Bloc Party at the Orpheum Theatre on March 28

A review of Bloc Party at the Orpheum Theatre on March 28, 2007

, Staff Writer

Kele Okereke, front man of Bloc party, started off the show at the Orpheum with a song from their new album A Weekend in the City, singing, “I am trying to be heroic / in an age of modernity” from “Song for Clay (Disappear Here).” This grandiose ambition has been compared to a certain Irish lead singer who is fond of protective eyewear. Bloc Party’s live show proved this comparison somewhat fair, as the band performs a bit like U2, if they were still hungry (and if they had a ridiculously talented drummer).

The band wasted no time, immediately ratcheting up the excitement with “Positive Tension” and “Blue Light” from their outstanding debut Silent Alarm. The crowd received the old favorites enthusiastically, but it was during two more new songs that Bloc Party truly hit their stride. By the end of “Hunting for Witches” and “Waiting for the 7:18” the band was at locomotive speed, driven by Matt Tong’s scarily precise and powerful drumming. Much audience dancing ensued.

“Banquet” exposed another U2-esque component of the concert, a well executed light show which reflected the frenetic pace of the song and capitalized on its burst of energy with a combination of scattered colored lights and blinding white bursts. It was followed by the romantic part of the evening, the beautiful lead single “I Still Remember” and the equally beautiful but more expressive “This Modern Love,” both rendered flawlessly by Okereke.

Less noticed, but nonetheless important were the backing vocals of bassist Gordon Moakes, whose deep voice provided the perfect counterpoint for Okereke’s soaring highs. They collaborated well on “The Prayer,” a huge tune that rode lead guitarist Russell Lissack’s heavy fuzzed-out line.
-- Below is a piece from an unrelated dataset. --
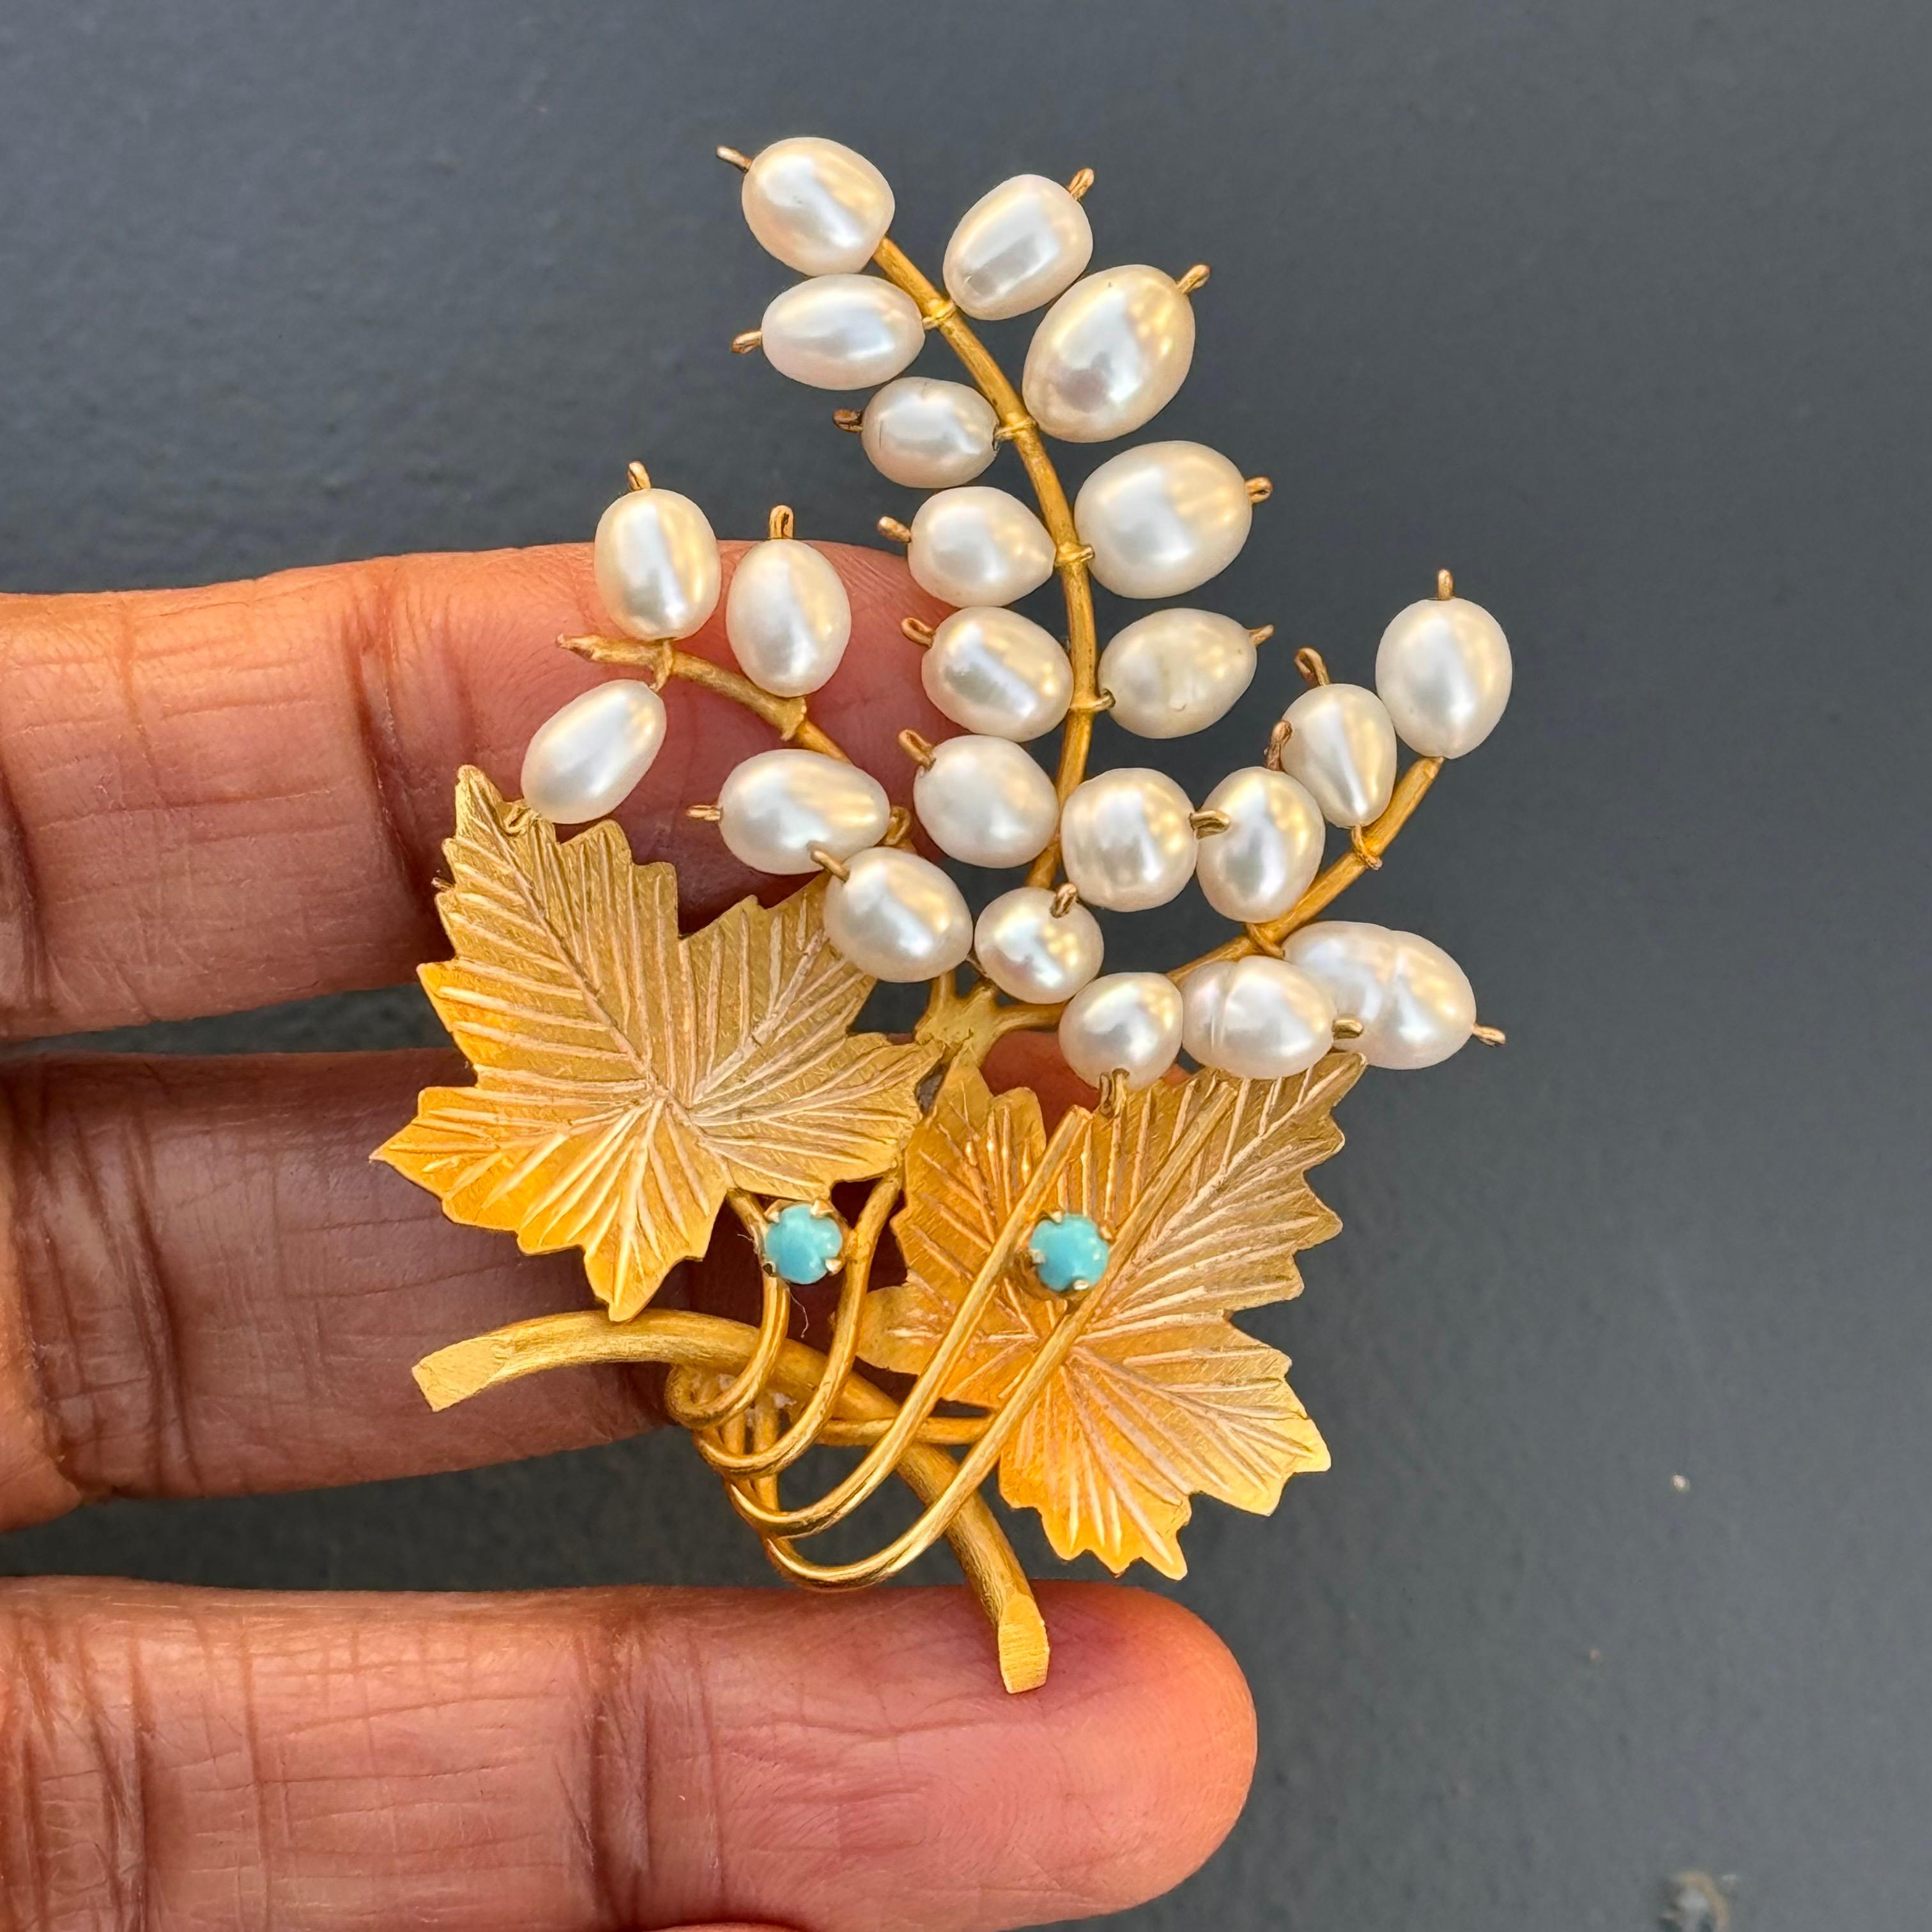  750 18K solid Yellow Gold Cultured Pearl Cluster  Brooch Pin For Sale 2
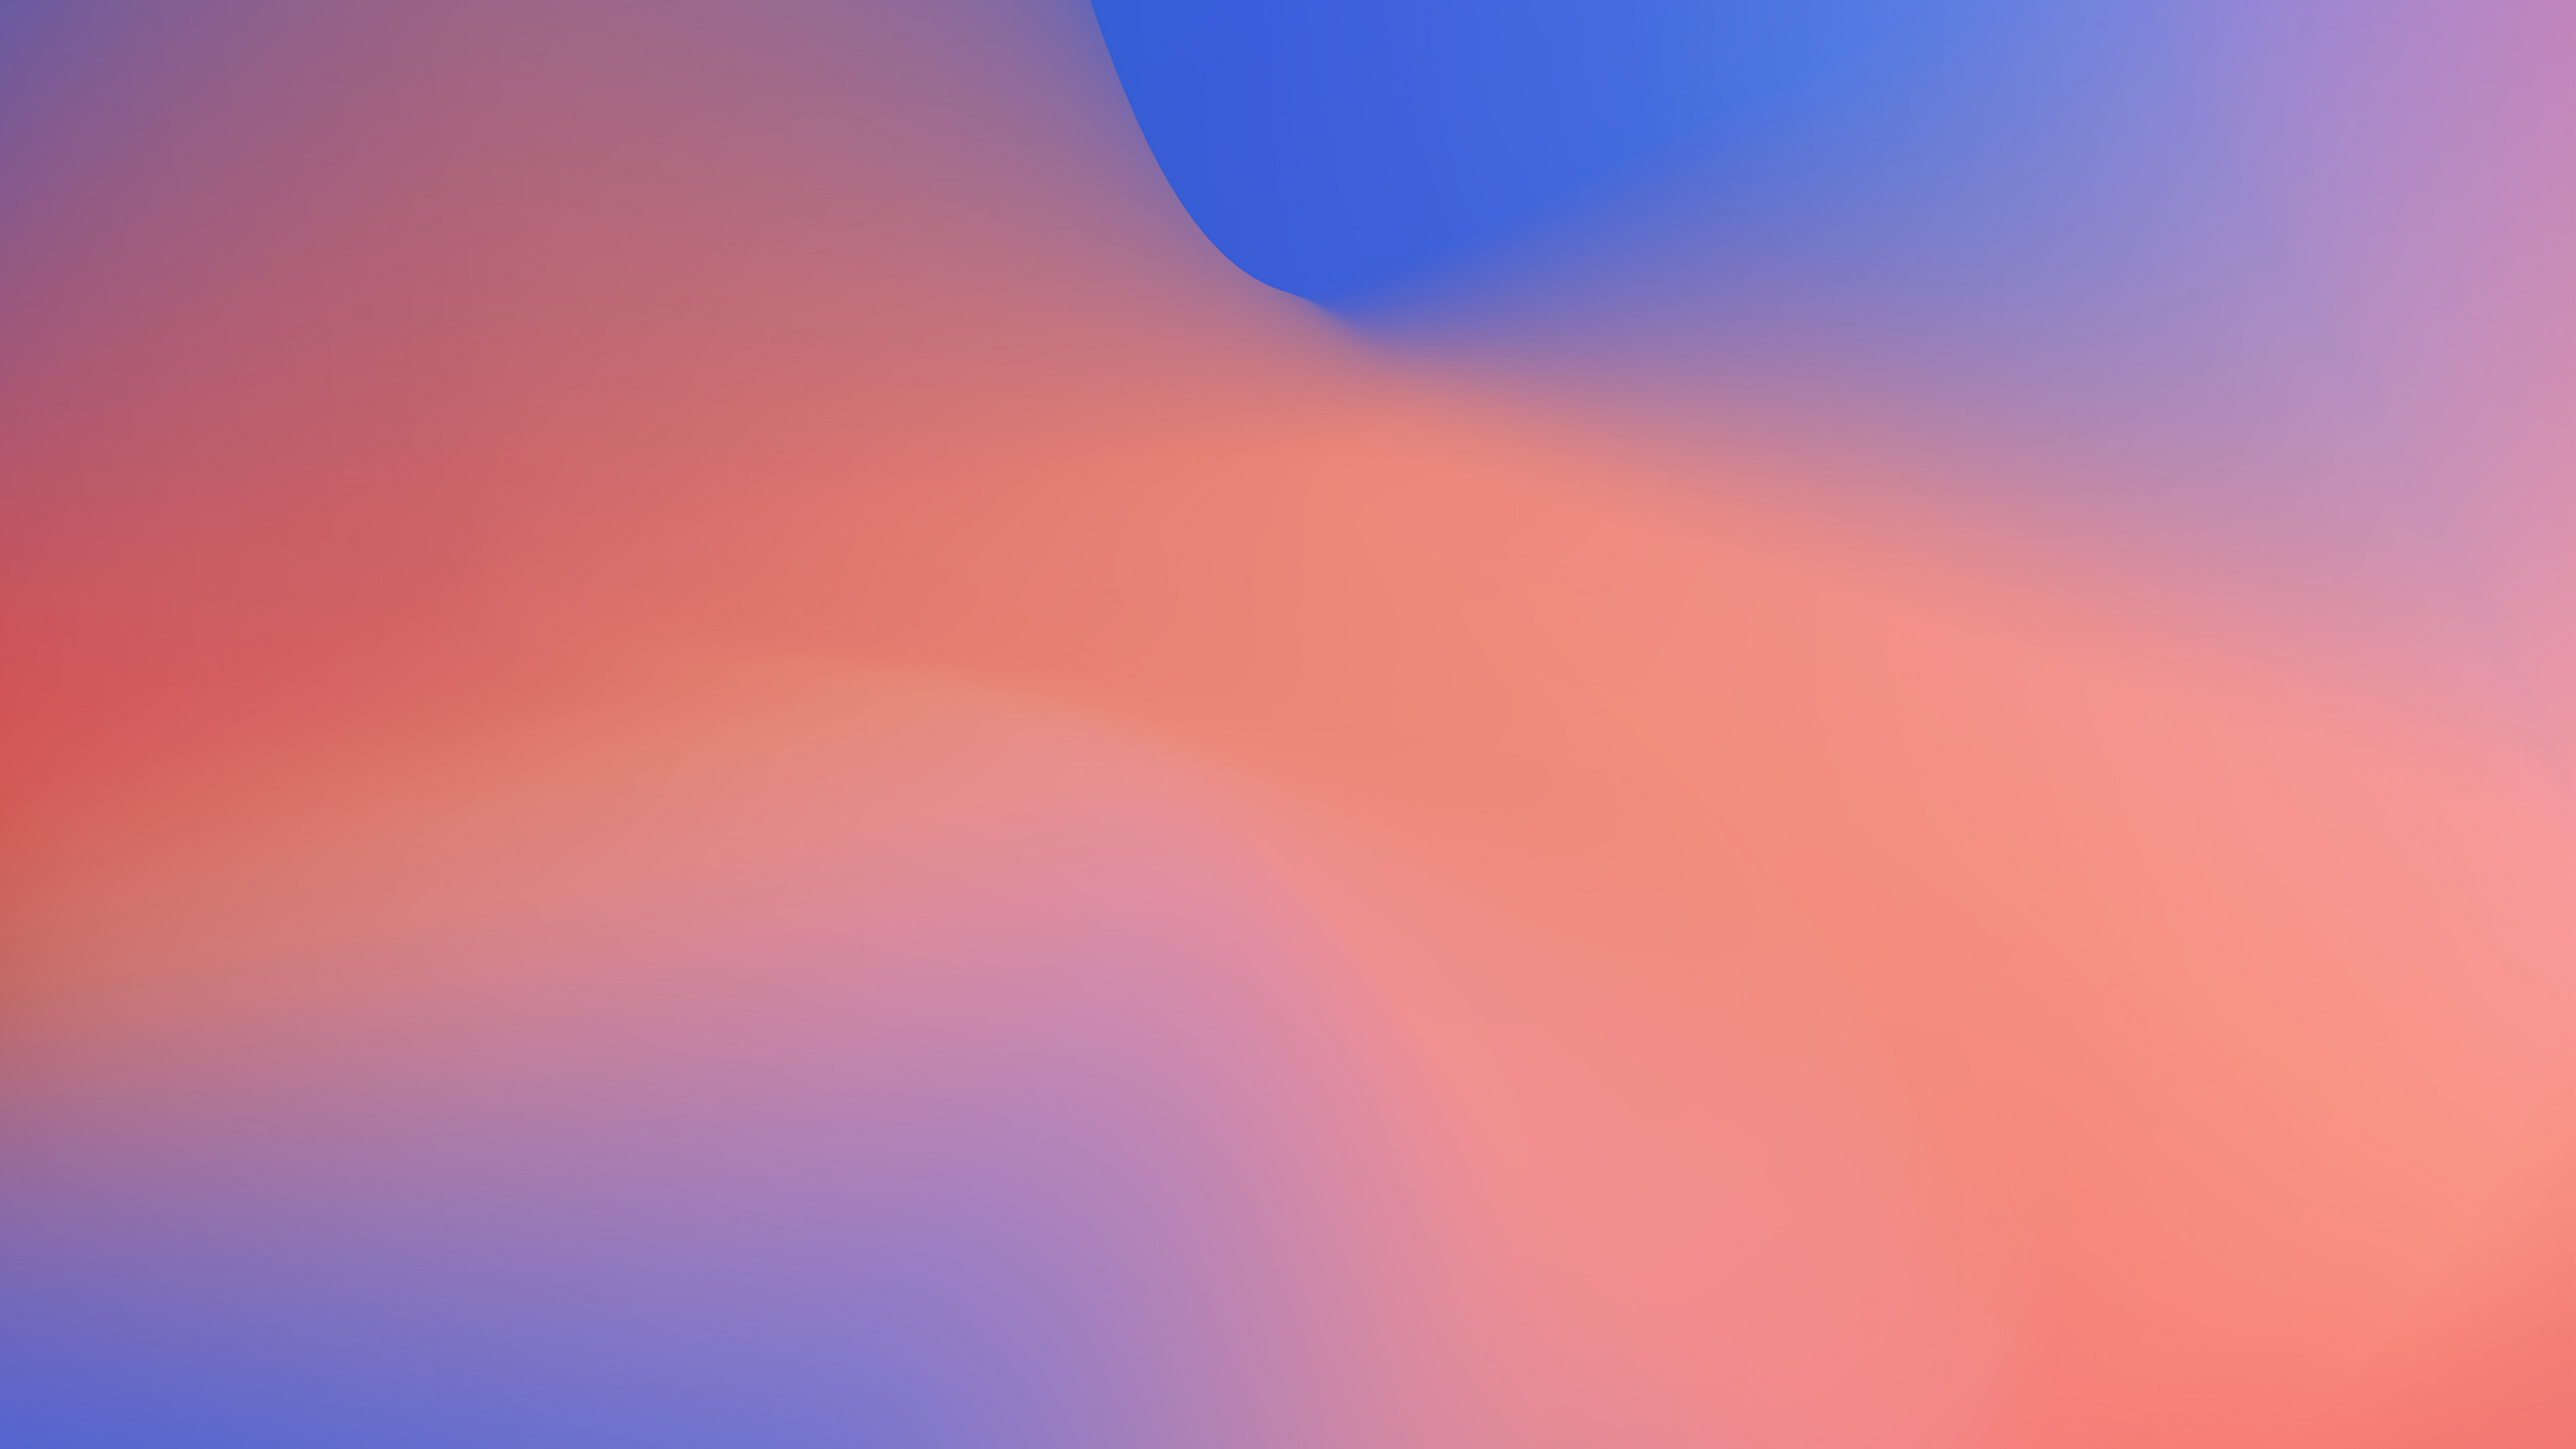 Wallpaper Google Pixel 3 Android 9 Pie Abstract 4k Os 20688

The first half of “Uniform” served as the night’s lone ballad, with Okereke sweetly lamenting the prevalent desire for conformity among teenagers. It didn’t stay sweet for long though, as Tong and company kicked into overdrive for the second half, absolutely blowing the roof off of the theatre. Bloc Party’s ability to harness the power of their sound and release it gradually as a song builds is remarkable. The songs of A Weekend in the City best make use of this talent.

After the encore break, Moakes joined Tong on a second drum set for “Sunday,” although Tong, by this point shirtless, didn’t seem to need much help. For “She’s Hearing Voices” Okereke ditched his guitar and danced in the crowd. An anthemic “Pioneers” and an exultant “Helicopter” rounded out the excellent show.

Bloc Party are arena-ready, but the classical architecture of the Orpheum, with its massive columns, vaulted ceilings, and intricate carvings seemed much more in line with the larger than life but oh-so carefully crafted songs. If the U2 comparisons are justified, (which I think they might be) then witnessing Bloc Party while they are still on the way up was a rare treat.

Getting opening act Albert Hammond Jr. of The Strokes in the deal was a bonus, as he led the night off with songs from his solo debut Yours to Keep. Sounding much like his other band, but with layered harmonies and a much sunnier disposition, Hammond’s highlights included set opener “Everyone Gets A Star,” the syncopated “Holiday,” and the lush “Scared.” Had we never heard of The Strokes, Hammond would most definitely be a star in his own right.